TASK DIRECTIONS:
Your answer is the lines below, exactly, from the one that contains "Buffalo Trace Distillery" through the one that contains "Yamanote big image png. Free clipart train", both included.

++++ DATA EXTRACT ++++

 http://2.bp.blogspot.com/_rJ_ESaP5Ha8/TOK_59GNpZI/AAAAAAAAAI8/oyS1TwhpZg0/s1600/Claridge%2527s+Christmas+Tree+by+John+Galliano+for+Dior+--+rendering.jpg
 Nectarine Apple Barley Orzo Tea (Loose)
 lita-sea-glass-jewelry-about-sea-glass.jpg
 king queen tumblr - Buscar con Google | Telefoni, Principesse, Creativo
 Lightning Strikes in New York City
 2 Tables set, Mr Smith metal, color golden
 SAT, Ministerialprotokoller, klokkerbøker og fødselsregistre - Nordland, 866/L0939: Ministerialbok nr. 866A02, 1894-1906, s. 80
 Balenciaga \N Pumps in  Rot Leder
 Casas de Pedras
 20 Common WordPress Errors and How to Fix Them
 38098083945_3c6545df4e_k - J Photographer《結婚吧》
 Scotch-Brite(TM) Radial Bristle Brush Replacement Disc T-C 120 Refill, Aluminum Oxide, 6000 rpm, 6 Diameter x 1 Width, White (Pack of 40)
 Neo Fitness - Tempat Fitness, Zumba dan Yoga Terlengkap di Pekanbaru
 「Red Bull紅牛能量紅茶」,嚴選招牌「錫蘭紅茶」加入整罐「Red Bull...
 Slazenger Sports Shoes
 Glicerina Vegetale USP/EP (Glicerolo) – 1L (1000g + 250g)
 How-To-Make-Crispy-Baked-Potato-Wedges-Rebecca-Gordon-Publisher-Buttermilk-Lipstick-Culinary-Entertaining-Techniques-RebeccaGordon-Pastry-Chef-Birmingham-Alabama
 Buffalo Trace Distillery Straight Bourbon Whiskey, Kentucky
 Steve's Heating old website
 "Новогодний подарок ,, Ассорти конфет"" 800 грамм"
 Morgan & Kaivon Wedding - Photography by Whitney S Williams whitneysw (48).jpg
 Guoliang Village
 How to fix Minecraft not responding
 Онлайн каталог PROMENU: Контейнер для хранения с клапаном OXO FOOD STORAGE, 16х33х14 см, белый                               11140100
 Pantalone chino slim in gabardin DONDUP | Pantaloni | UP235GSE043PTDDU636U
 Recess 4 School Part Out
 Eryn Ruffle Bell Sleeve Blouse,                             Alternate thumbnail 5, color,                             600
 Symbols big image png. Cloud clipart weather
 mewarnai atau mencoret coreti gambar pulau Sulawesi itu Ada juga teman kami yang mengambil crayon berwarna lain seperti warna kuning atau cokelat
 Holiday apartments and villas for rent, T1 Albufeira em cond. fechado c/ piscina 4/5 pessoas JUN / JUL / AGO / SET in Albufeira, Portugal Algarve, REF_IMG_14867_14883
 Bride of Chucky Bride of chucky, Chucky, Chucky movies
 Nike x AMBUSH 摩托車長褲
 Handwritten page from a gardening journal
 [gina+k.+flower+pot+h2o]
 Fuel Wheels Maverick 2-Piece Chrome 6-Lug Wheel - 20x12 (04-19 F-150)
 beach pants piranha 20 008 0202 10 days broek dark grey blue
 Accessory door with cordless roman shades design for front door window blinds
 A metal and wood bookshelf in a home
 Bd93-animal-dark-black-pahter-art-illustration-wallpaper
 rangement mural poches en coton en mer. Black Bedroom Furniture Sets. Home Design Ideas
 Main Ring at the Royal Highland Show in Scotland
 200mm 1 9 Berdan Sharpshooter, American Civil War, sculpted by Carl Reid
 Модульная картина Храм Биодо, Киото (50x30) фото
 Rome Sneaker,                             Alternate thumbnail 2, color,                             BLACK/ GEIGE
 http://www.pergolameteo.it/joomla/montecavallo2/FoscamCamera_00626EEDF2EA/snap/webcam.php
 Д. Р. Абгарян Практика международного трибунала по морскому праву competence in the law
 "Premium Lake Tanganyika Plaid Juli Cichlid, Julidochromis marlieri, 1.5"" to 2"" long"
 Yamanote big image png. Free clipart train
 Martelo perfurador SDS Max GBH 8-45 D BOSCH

++++

SOLUTION FOR THIS EXERCISE:
 Buffalo Trace Distillery Straight Bourbon Whiskey, Kentucky
 Steve's Heating old website
 "Новогодний подарок ,, Ассорти конфет"" 800 грамм"
 Morgan & Kaivon Wedding - Photography by Whitney S Williams whitneysw (48).jpg
 Guoliang Village
 How to fix Minecraft not responding
 Онлайн каталог PROMENU: Контейнер для хранения с клапаном OXO FOOD STORAGE, 16х33х14 см, белый                               11140100
 Pantalone chino slim in gabardin DONDUP | Pantaloni | UP235GSE043PTDDU636U
 Recess 4 School Part Out
 Eryn Ruffle Bell Sleeve Blouse,                             Alternate thumbnail 5, color,                             600
 Symbols big image png. Cloud clipart weather
 mewarnai atau mencoret coreti gambar pulau Sulawesi itu Ada juga teman kami yang mengambil crayon berwarna lain seperti warna kuning atau cokelat
 Holiday apartments and villas for rent, T1 Albufeira em cond. fechado c/ piscina 4/5 pessoas JUN / JUL / AGO / SET in Albufeira, Portugal Algarve, REF_IMG_14867_14883
 Bride of Chucky Bride of chucky, Chucky, Chucky movies
 Nike x AMBUSH 摩托車長褲
 Handwritten page from a gardening journal
 [gina+k.+flower+pot+h2o]
 Fuel Wheels Maverick 2-Piece Chrome 6-Lug Wheel - 20x12 (04-19 F-150)
 beach pants piranha 20 008 0202 10 days broek dark grey blue
 Accessory door with cordless roman shades design for front door window blinds
 A metal and wood bookshelf in a home
 Bd93-animal-dark-black-pahter-art-illustration-wallpaper
 rangement mural poches en coton en mer. Black Bedroom Furniture Sets. Home Design Ideas
 Main Ring at the Royal Highland Show in Scotland
 200mm 1 9 Berdan Sharpshooter, American Civil War, sculpted by Carl Reid
 Модульная картина Храм Биодо, Киото (50x30) фото
 Rome Sneaker,                             Alternate thumbnail 2, color,                             BLACK/ GEIGE
 http://www.pergolameteo.it/joomla/montecavallo2/FoscamCamera_00626EEDF2EA/snap/webcam.php
 Д. Р. Абгарян Практика международного трибунала по морскому праву competence in the law
 "Premium Lake Tanganyika Plaid Juli Cichlid, Julidochromis marlieri, 1.5"" to 2"" long"
 Yamanote big image png. Free clipart train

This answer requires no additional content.